_What you need to do_
Every line of the material below that holds the string "Palace" should be copied.

_Material for this task_
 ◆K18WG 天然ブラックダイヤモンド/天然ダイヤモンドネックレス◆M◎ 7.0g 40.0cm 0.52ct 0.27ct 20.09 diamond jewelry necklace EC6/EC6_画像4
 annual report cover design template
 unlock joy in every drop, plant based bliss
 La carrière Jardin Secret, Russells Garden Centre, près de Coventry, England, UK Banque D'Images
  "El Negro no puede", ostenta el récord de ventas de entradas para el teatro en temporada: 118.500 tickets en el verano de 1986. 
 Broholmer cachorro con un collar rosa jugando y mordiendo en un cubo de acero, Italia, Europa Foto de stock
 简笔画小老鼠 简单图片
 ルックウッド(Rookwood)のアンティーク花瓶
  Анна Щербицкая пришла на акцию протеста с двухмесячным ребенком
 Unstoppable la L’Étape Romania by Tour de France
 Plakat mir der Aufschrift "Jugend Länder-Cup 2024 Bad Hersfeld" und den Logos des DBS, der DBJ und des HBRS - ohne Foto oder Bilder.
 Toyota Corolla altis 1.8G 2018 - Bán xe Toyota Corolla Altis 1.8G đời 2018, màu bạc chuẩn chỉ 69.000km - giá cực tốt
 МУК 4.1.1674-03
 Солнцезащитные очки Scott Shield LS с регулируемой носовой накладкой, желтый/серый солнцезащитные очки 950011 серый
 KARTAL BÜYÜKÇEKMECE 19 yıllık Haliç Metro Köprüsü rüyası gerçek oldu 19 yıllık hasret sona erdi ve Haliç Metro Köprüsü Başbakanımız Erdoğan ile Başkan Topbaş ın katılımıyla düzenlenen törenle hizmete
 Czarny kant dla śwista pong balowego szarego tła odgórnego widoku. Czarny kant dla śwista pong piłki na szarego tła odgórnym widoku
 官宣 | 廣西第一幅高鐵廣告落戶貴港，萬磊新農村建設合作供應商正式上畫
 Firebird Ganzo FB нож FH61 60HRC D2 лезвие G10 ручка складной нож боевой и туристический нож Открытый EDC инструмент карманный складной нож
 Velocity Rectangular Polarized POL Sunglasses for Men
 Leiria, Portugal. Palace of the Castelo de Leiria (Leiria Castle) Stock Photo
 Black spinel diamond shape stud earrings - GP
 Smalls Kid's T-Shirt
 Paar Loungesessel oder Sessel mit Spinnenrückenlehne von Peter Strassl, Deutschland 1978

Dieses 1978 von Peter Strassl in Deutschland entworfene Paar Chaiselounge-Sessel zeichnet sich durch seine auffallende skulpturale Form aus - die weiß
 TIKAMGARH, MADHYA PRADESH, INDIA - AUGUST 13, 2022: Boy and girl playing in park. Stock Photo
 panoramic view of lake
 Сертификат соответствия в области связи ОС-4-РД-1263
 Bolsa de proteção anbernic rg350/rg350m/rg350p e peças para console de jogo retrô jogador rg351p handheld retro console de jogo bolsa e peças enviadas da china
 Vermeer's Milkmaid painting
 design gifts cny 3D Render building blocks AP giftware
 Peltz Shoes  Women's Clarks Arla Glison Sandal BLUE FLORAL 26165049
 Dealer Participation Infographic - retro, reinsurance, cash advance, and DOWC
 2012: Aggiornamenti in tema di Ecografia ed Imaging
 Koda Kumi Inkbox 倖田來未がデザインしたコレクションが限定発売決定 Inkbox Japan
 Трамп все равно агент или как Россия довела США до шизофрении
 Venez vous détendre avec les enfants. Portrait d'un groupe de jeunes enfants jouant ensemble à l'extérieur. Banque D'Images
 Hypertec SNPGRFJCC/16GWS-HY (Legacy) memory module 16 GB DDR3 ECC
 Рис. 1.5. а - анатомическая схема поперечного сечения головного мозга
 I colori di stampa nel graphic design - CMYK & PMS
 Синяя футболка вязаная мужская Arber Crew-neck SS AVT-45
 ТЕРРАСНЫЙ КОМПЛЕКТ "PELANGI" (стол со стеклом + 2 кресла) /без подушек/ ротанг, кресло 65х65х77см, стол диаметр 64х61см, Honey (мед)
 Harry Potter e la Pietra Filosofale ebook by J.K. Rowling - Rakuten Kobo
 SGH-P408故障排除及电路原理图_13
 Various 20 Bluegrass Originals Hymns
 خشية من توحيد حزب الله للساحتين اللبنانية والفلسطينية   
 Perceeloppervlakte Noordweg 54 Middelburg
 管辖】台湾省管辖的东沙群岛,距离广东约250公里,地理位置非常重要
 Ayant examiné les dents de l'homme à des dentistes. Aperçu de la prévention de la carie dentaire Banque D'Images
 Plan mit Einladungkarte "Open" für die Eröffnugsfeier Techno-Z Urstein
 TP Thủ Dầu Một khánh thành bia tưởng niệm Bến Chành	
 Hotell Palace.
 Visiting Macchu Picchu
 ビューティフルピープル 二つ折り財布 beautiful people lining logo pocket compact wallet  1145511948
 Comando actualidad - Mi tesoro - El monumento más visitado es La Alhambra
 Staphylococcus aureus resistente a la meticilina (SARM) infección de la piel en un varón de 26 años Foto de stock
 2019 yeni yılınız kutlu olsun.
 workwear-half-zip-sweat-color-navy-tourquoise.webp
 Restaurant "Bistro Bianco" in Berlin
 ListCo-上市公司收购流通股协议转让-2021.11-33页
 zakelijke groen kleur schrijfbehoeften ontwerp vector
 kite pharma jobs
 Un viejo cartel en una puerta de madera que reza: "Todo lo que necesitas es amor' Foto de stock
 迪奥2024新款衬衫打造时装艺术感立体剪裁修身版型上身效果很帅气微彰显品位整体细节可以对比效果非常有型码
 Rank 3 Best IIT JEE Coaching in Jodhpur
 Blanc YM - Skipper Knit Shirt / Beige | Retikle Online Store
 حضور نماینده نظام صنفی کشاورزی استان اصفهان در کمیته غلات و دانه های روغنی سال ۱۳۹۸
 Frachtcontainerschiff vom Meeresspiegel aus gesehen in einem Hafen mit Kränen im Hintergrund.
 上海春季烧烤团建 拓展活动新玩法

_Task response_
 Leiria, Portugal. Palace of the Castelo de Leiria (Leiria Castle) Stock Photo
 Hotell Palace.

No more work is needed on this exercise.